The Author Online Book Forums are Moving

The Author Online Book Forums will soon redirect to Manning's liveBook and liveVideo. All book forum content will migrate to liveBook's discussion forum and all video forum content will migrate to liveVideo. Log in to liveBook or liveVideo with your Manning credentials to join the discussion!

Thank you for your engagement in the AoF over the years! We look forward to offering you a more enhanced forum experience.

svencowart (3) [Avatar] Offline
#1
I am uncertain about how to separate the concept of a StreamTask from a Partition? It's mentioned, “State Stores are Assigned Per Task -
The statement above could be interpreted to mean that each partition has its own state store, but that is not the case. Partitions are assigned to a StreamTask and each StreamTask has it’s own state store.”

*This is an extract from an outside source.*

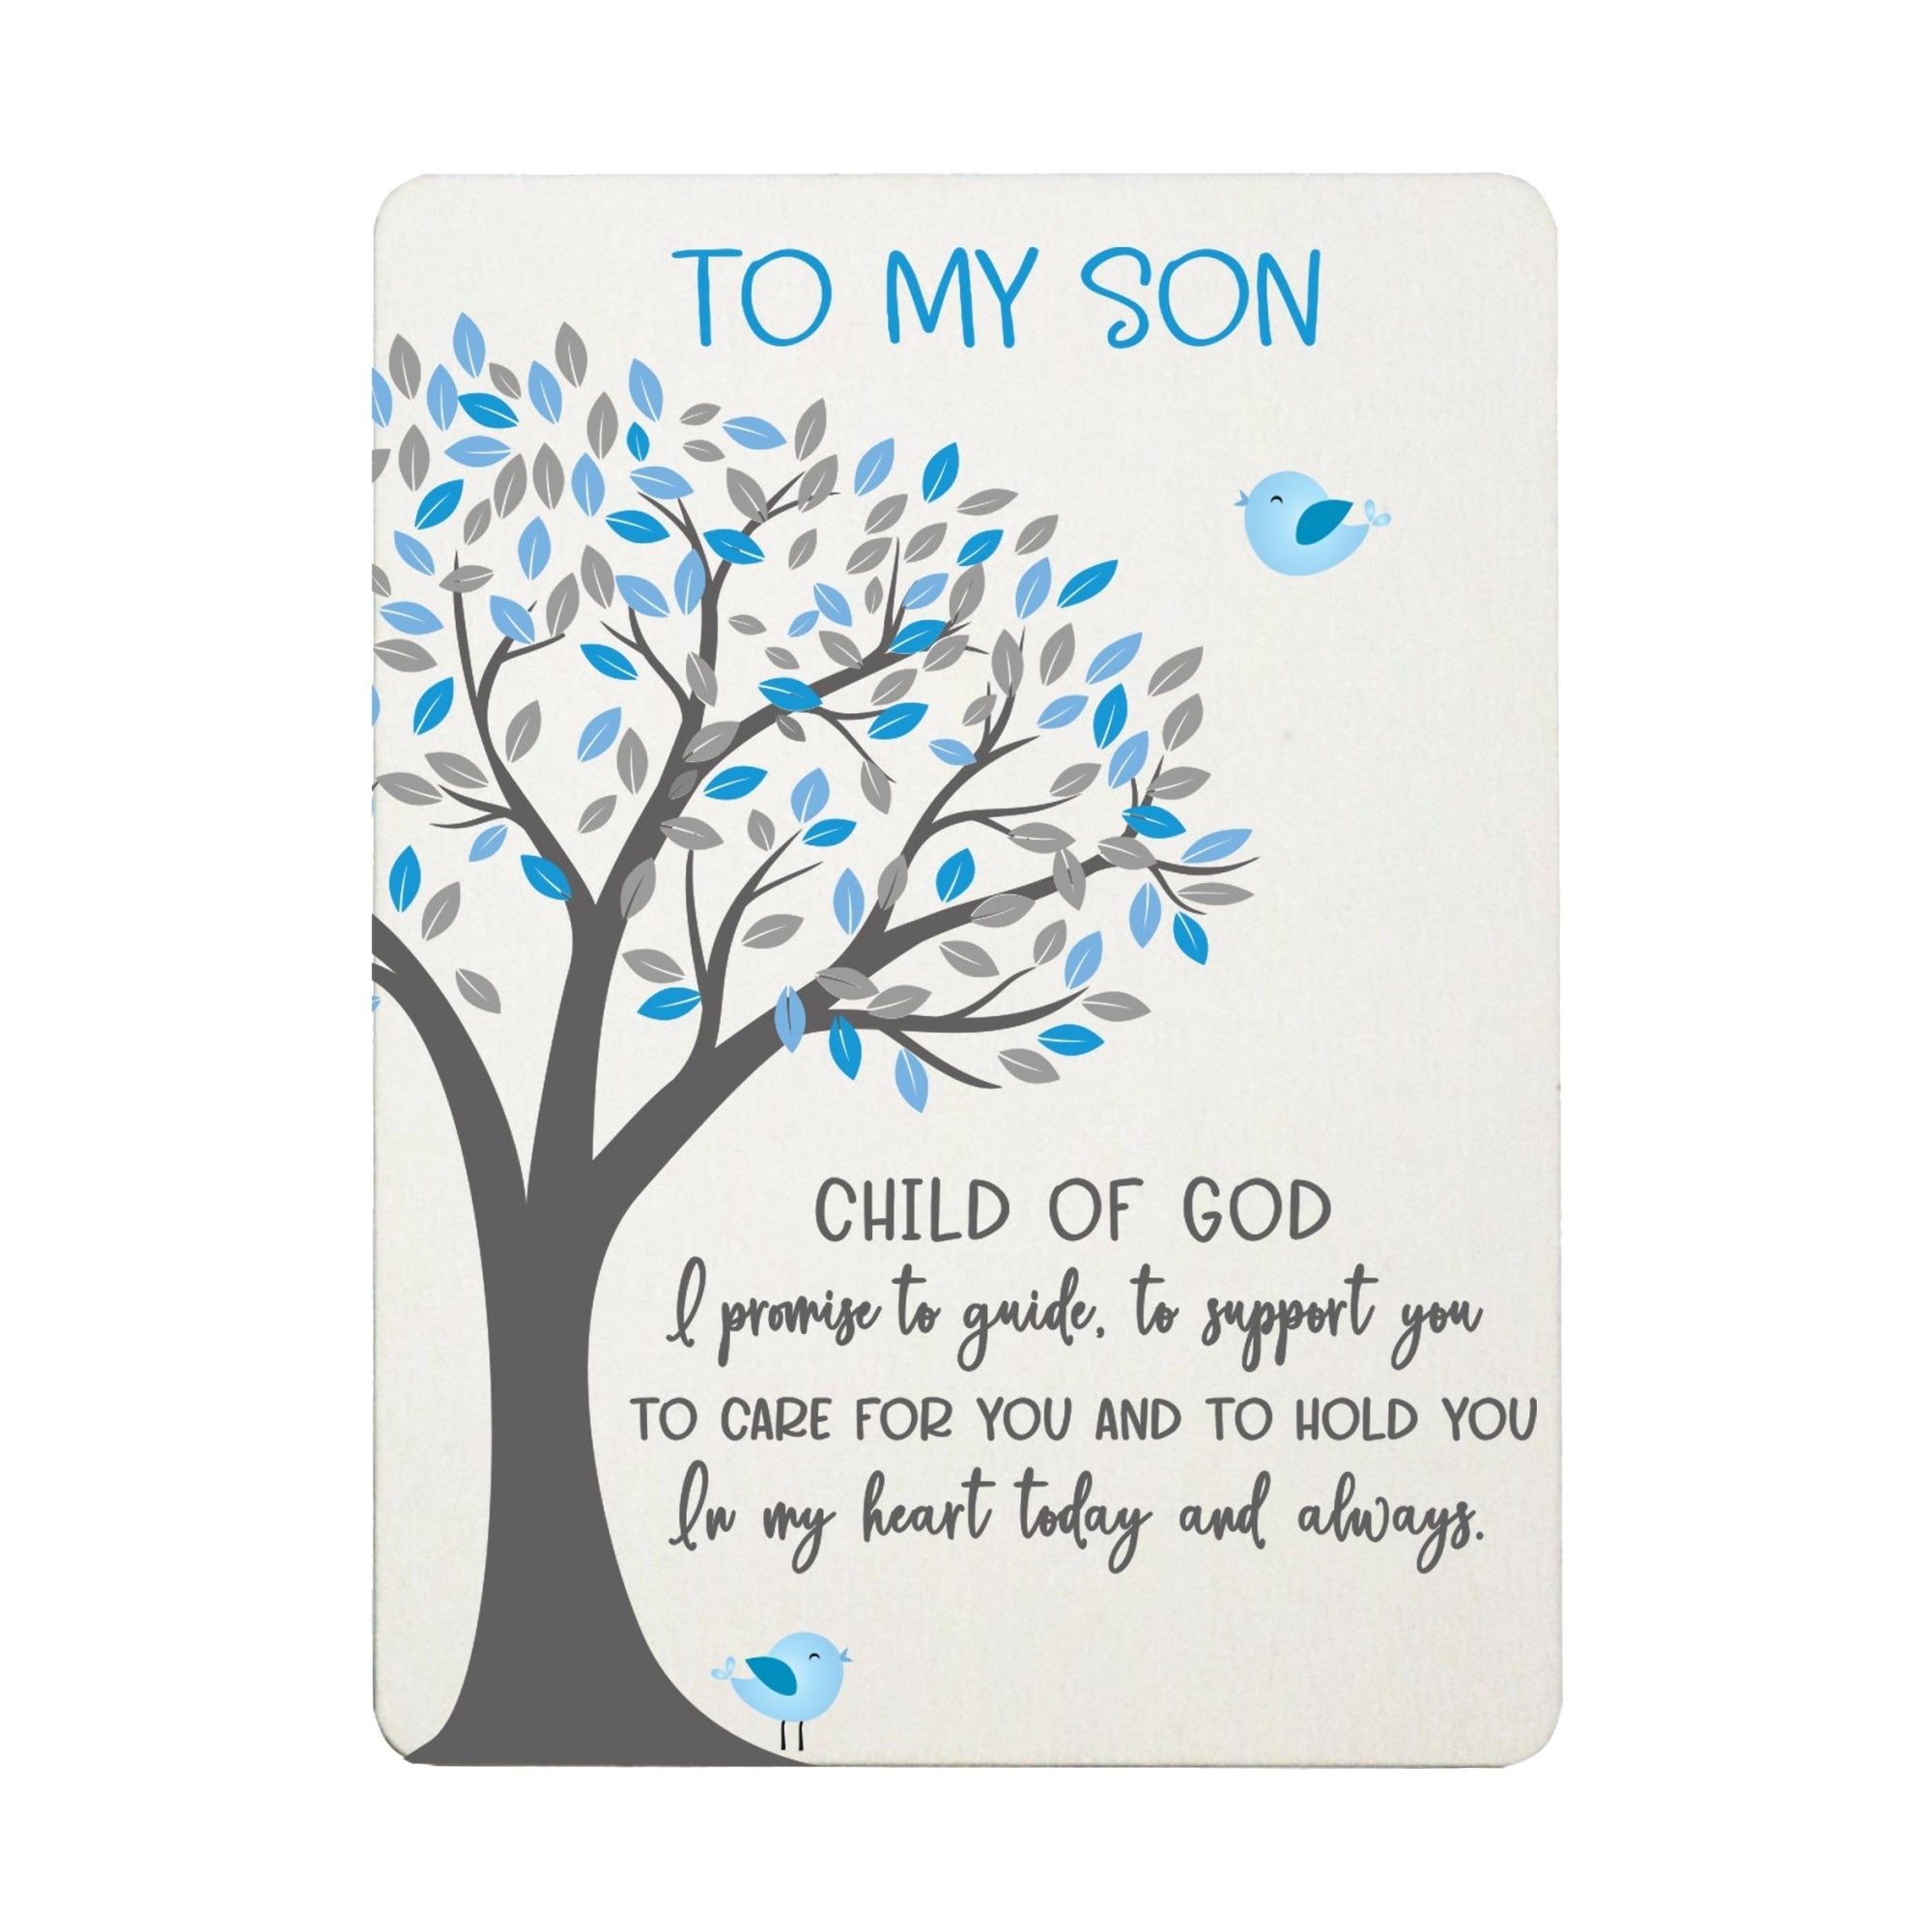 Newborn Baby Scripture Magnet for Fridge - Child of God - LifeSong Milestones

What defines a StreamTask? At what point are there multiple copies of a stream topology running via multiple copies of the same StreamTask? In my mind, if I run a StreamTask then there is one instance of the StreamTask so why is there a need to repartition the data? The only way I could map the logic in my mind from the excerpt above, is if each broker has it's own copy of a StreamTask and then I can see the necessity to repartition the data.

I apologize if my question seems silly as I am still fairly new to Kafka and Kafka Streams. I just find the excerpt about a StateStore important and lacking proper explanation.
Bill Bejeck (47) [Avatar] Offline
#2
svencowart,

Thanks for asking the question.

The first point to keep in mind is that you only need to repartition the data when you change keys and your topic has more than one partition, and partitions are used for parallel processing of data.

The second point is that you don't directly run or control a StreamTask. A StreamTask is created by Kafka Streams and is assigned to a StreamThread for processing. The reason a state store

Depending on the number of topics in your topology and the number partitions you may have multiple StreamTask objects, but it's important to keep in mind each one is distinct there are never "copies" of StreamTask objects, each one is distinct.

Does this clear things up?

HTH,
Bill